After reading the JST for Genesis 14, I am left with some questions about how Abraham relates to Melchizedek.
Was Melchizedek an example for him? Did Abraham go to him in order to receive his priesthood? Abraham says, “I sought for the blessings of the fathers, and the right whereunto I should be ordained to administer the same,” and finally that “I became a rightful heir, a High Priest, holding the right belonging to the fathers” (Abr. 1:2). Could that be referring to this particular visit with Melchizedek? The last verse of the JST for Genesis 14 says that:
And it came to pass, that God blessed Abram, and gave unto him riches, and honor, and lands for an everlasting possession; according to the covenant which he had made, and according to the blessing wherewith Melchizedek had blessed him.
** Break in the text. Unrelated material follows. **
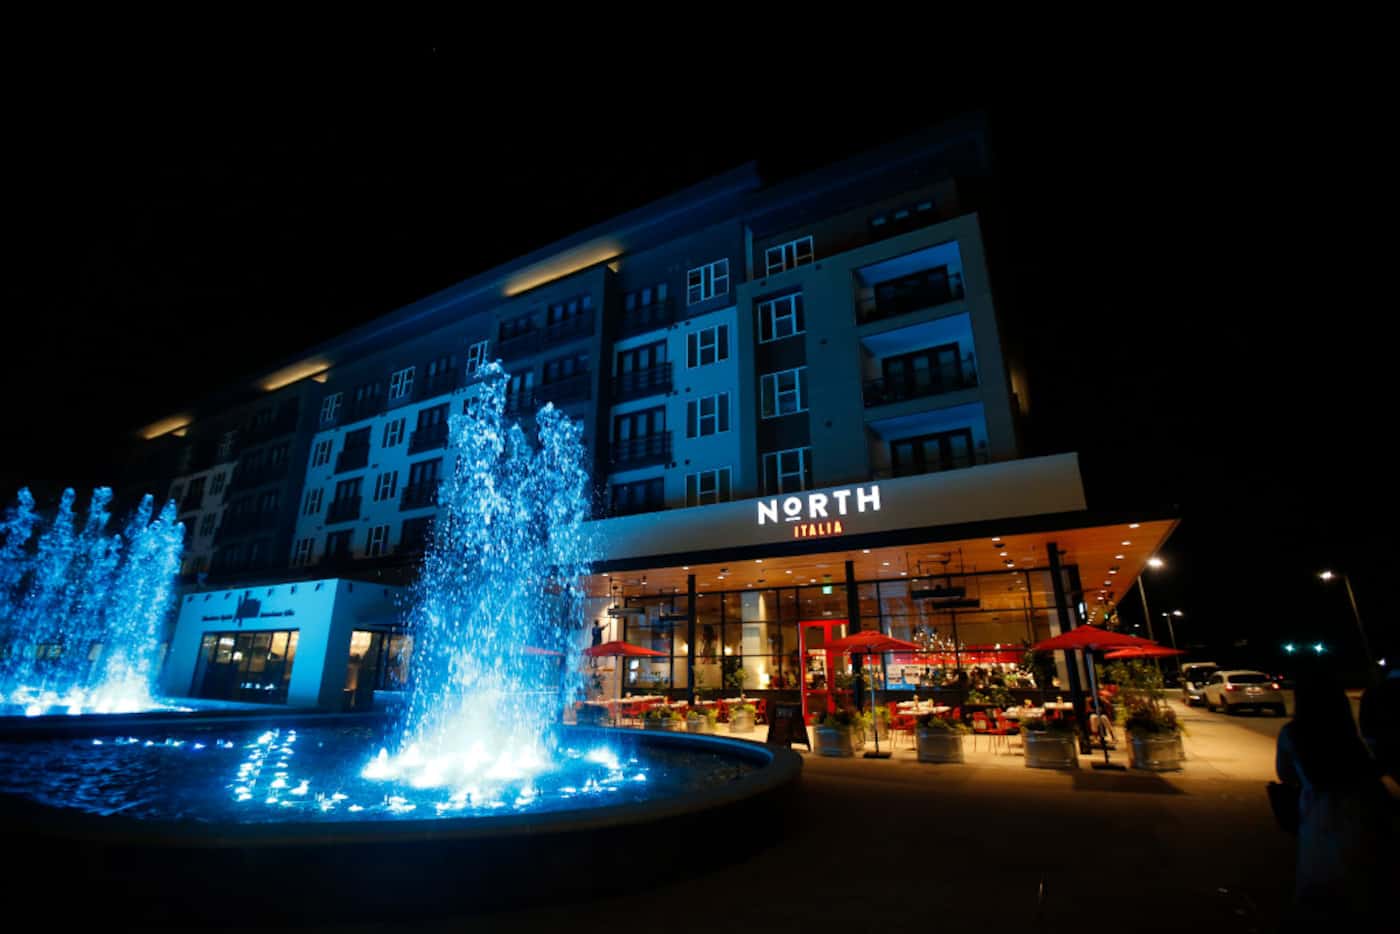 Fountains in front of North Italia, a new restaurant at Legacy West, in Plano, Texas,...

It doesn’t mention the priesthood or appointments or promises concerning seed, etc., but, it does mention a covenant, and also a blessing given by Melchizedek. Who knows, but it could be that he received his appointment to the priesthood from Melchizedek (since Abraham says he received it from the fathers — he had to receive it from someone, and I don’t know of any reference of him going to see any other priesthood holder). Anyway, fun speculation, as always.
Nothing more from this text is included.